Output all records exactly, with no images.

===== EXTRACTED DATA =====

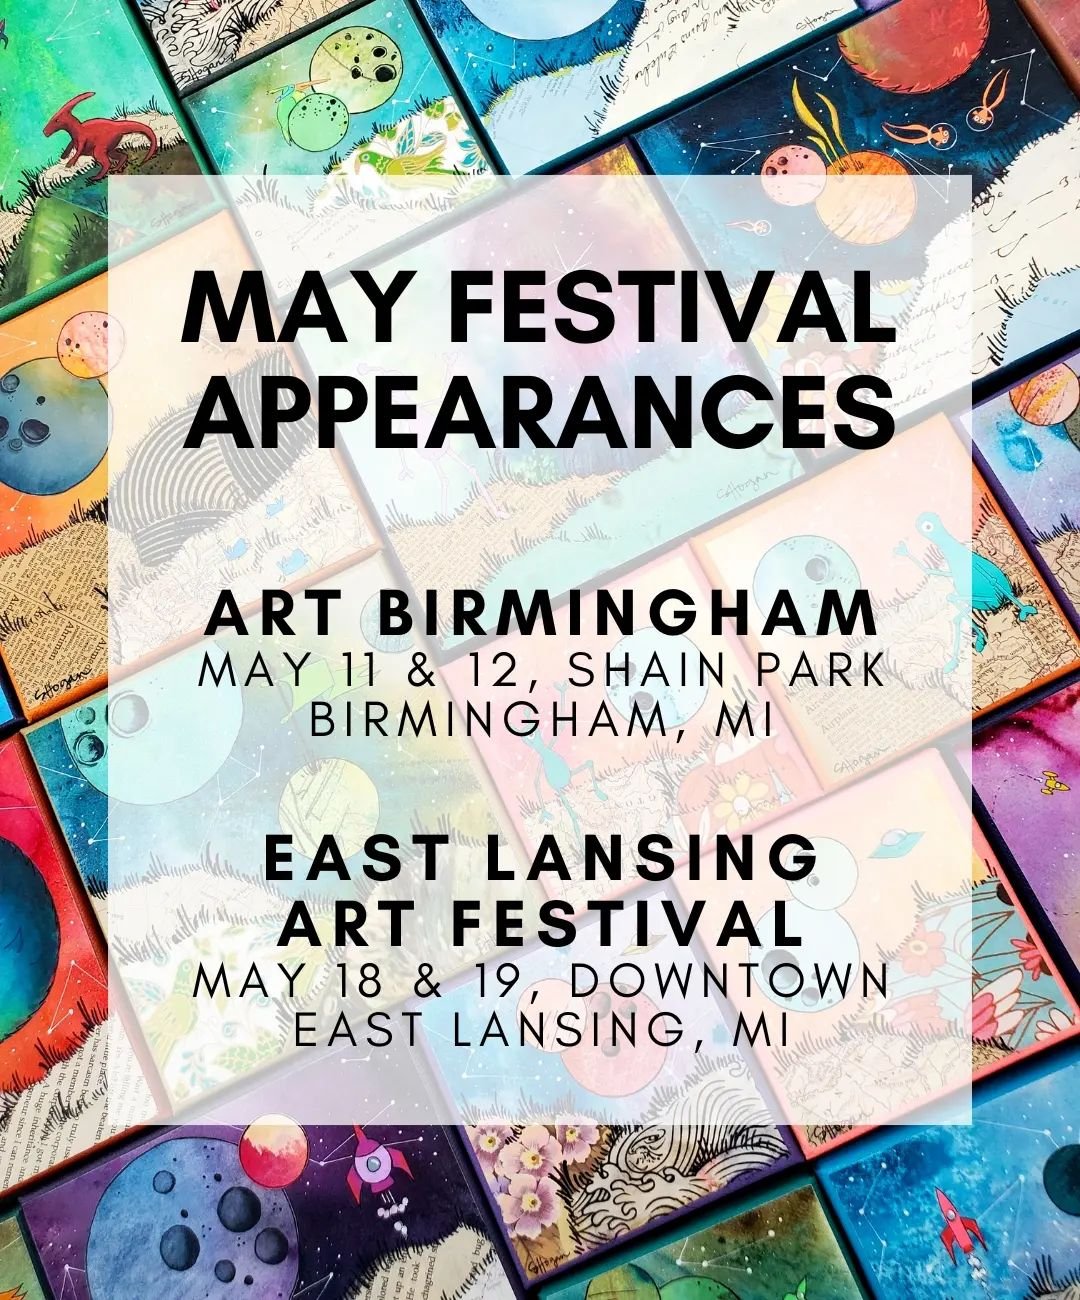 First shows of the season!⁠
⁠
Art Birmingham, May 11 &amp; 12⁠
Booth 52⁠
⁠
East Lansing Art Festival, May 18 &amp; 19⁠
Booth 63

=====

▶ RESULT
 First shows of the season!⁠
⁠
Art Birmingham, May 11 &amp; 12⁠
Booth 52⁠
⁠
East Lansing Art Festival, May 18 &amp; 19⁠
Booth 63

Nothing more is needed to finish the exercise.